In conclusion, philosophy as it was conceived by Muslim thinkers was a paradoxical combination of face to face conversations executed on paper. Because we still have many of these sites of discussions (namely, the manuscripts), we have a unique chance to discover what these philosophers have to say. With the rise of digitization, we can do so in ways never before imagined.
1 Rosenthal, F. The Technique and Approach of Muslim Scholarship, Rome: Pontificium Institutum Biblicum, 1947, p. 6.
2 Saleh, W., The Formation of the Classical Tafsir Tradition, Leiden: Brill, 2004, p. 207.
3 Zadeh, “Uncertainty and the Archive,” pp. 11-64 in The Digital Humanities and Islamic & Middle East Studies, ed. E. Muhanna, Berlin: De Gruyter, 2016, p. 11.

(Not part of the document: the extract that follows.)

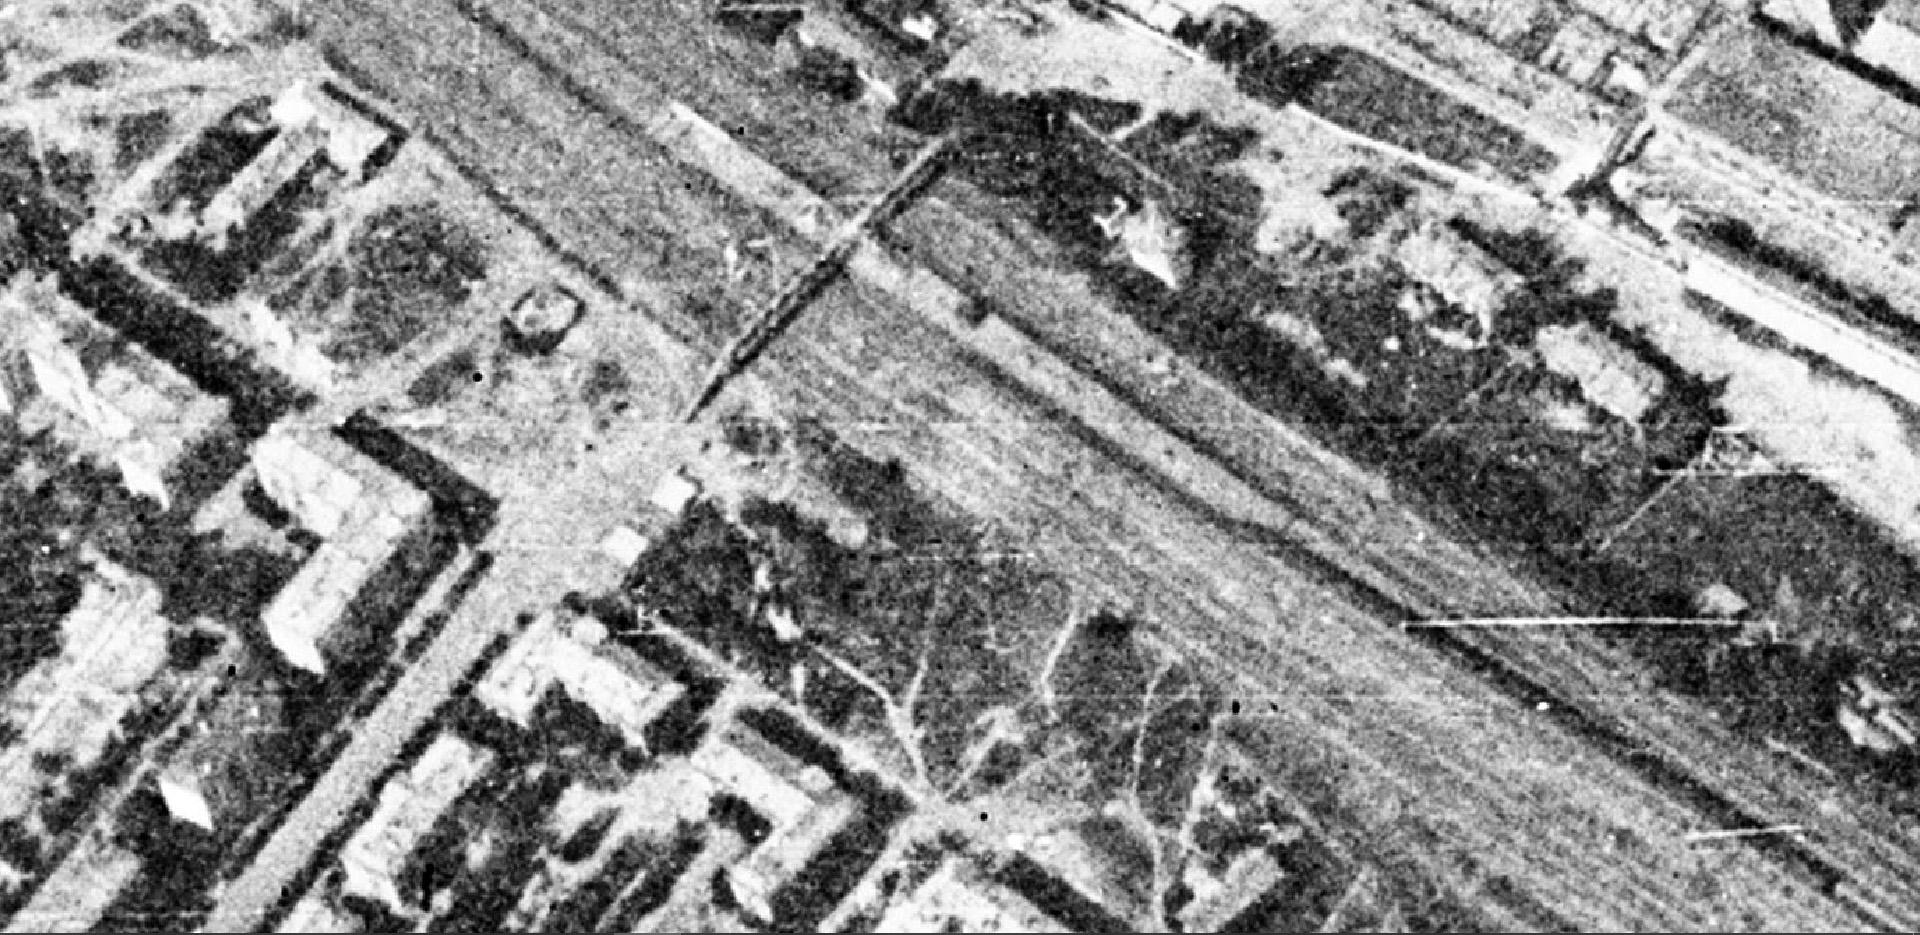 1966 станция Очаково со спутника

4 Schoeler, G., “Die Frage der schriftlichen oder mündlichen Überlieferung der Wissenschaften im frühen Islam,” Der Islam 62 (1985): pp. 201–230.
5 Lit, L.W.C. van, “An Ottoman Commentary Tradition on Ghazālī’s Tahāfut Al-Falāsifa. Preliminary Observations,” Oriens 43 (2015): pp. 368–413.
6 Pourjavady, R., Philosophy in Early Safavid Iran, Leiden: Brill, 2011, pp. 1-44.
7 I go into detail about this in Lit, L.W.C. van. “The Measurement of the Circle in Naṣīr Al-Dīn Al-Ṭūsī’s Revision of the ‘Middle Books’ (Taḥrīr Al- Mutawassiṭāt).” Tarikh-e Elm 10 (2012): pp. 1–42.
8 For example, in Sura al-qiyāma verse 3, the words ‘that’ and ‘not’ are in Arabic ‘an’ and ‘lan’. The rules of tajwīd demand that it be pronounced as ‘allan’ and this is also how most modern printed versions show it. However, in older texts I have seen authors write out the two words; ‘an lan’. For a reciter of the Koran, there is no difference between seeing ‘allan’ or ‘an lan’ as he knows that it is to be pronounced as ‘allan’.
9 It is estimated that there may be several million Islamic manuscripts existent today, cf. Gacek, A., Arabic Manuscripts. A Vademecum for Readers, Leiden, Brill, 2009, p. x.